Our daughter was abandoned on a sidewalk in the depth of winter. We brought her home and gave her our hearts and taught her why all the trees change in the fall.
When you are pro-life and also a mother by adoption, there is one pro-choice argument that especially hurts. I’m sure you’ve heard it: “An unwanted baby is destined for a bad life. Abortion is probably better for that child.”
That’s very hard to swallow when you love a child who was unwanted.
My own daughter was abandoned at birth, on a sidewalk in the depth of winter. She was wrapped in a yellow blanket and her umbilical cord was still attached. She was an “unwanted” child — an inconvenient person whose presence in this world comes with a whole set of challenges and dangers to her birth parents. Today she is a cheerful, pretty, teenage girl who delights us every day.
Although her story of “unwantedness” is specific to her, it is essentially the same tale told in different ways for every baby that has been labeled as unwanted and undesirable. I can give you countless examples: the baby whose father will not take responsibility for her upbringing but instead offers up money for her abortion; the little one who would have been wanted if conceived a year later, but today is inconvenient; the child who has a congenital defect like a cleft palate or Down syndrome; the hundreds of thousands of babies conceived in careless sexual encounters between men and women who have no desire to build a family together. You yourself can come up with many more variations on this theme, if you give it some thought.
My pretty girl was born in China when the one-child policy had not yet been changed to the two-child policy. She was fortunate. A passer-by took pity on her and carried her to the police station. She spent the first part of her life in a crowded orphanage. When we adopted her, she was a toddler with an uncertain smile and a worried frown.

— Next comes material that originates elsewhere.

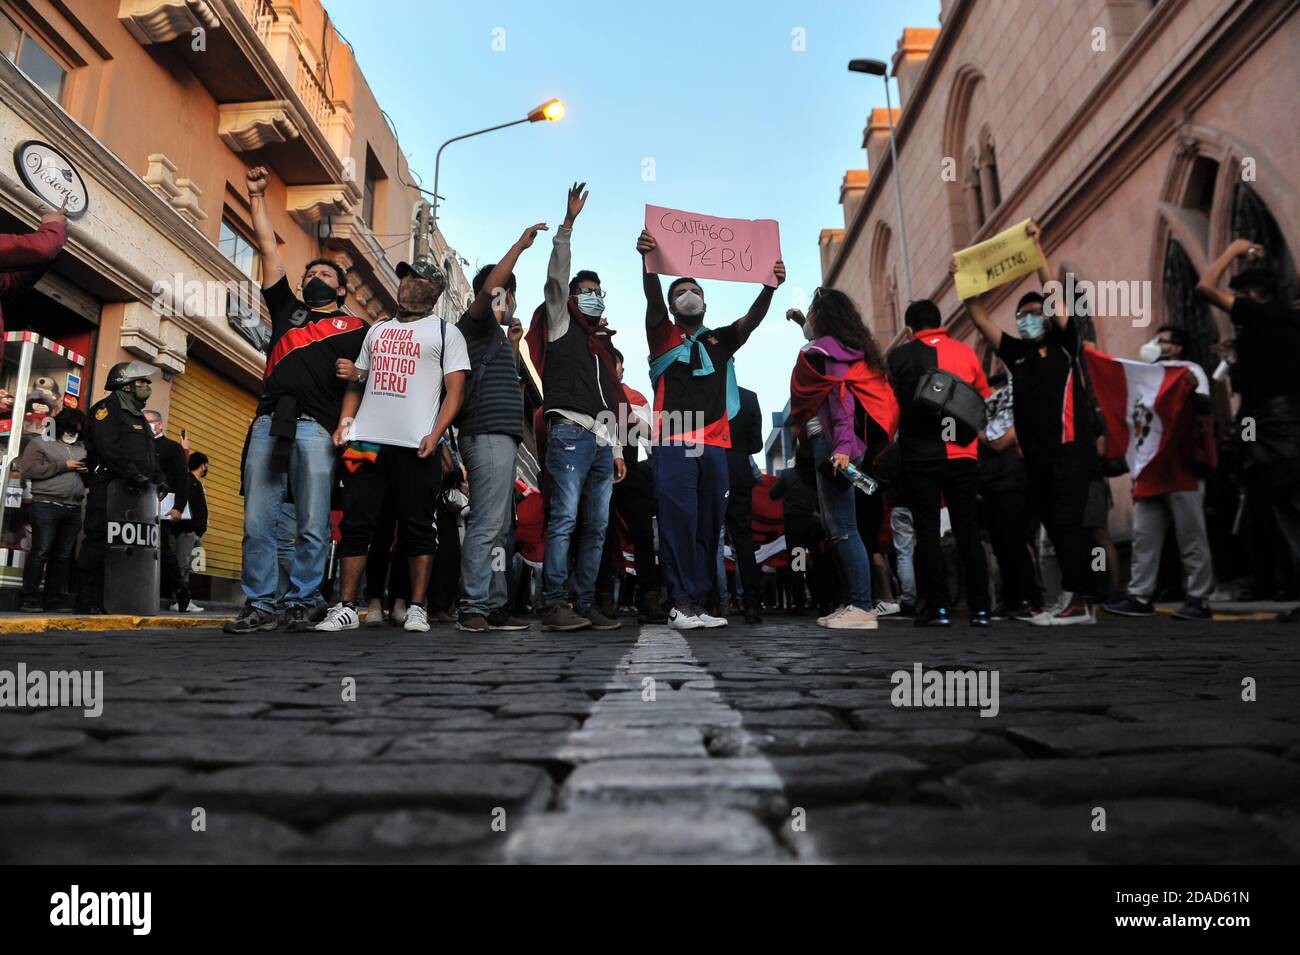 Arequipa, November 11, 2020: Hundreds of protesters in the Plaza de Armas against the appointment of Manuel Merino as president of the Perú Stock Photo

As far as “unwanted” babies she was probably a poster child. Most likely she was a second child, an unexpected — maybe even a tragic — pregnancy, exposing her parents to retribution by the state. The population police in China have been known to bulldoze the houses of couples who are hiding an unsanctioned pregnancy or child. Forced abortion, even of babies advanced in development, has been routinely practiced. Many stories have been told of heroic mothers and fathers who kept their pregnancies secret in order to bring their child to life, at great personal risk. The subsequent hidden births are dangerous because they’re unattended by doctors or midwives. The accounts are harrowing. So, too, are the tales of the sadness of laying the infant on the dirty street cement with a nearly hopeless prayer for her rescue.
What is hard to bear when you love one of these children who somehow survived their “unwantedness” is the awfulness of the sentence meted out to those who died by abortion. Sentenced to death for being the wrong sex. Or coming at the wrong time. Or simply coming uninvited. What a horrid loss. Every one of these children was meant to be a delight in the same way my daughter is a delight.
I hear her in the kitchen as I type these words. She is baking cupcakes and wearing AirPods. She probably doesn’t realize she is singing along loudly to our favorite Taylor Swift song. It’s called “The Best Day” and it’s about a girl growing up having “best days” with her mother. Let me assure all those who have not had the great joy of loving an “unwanted’’ child. Every day — every single day — is the best day with her.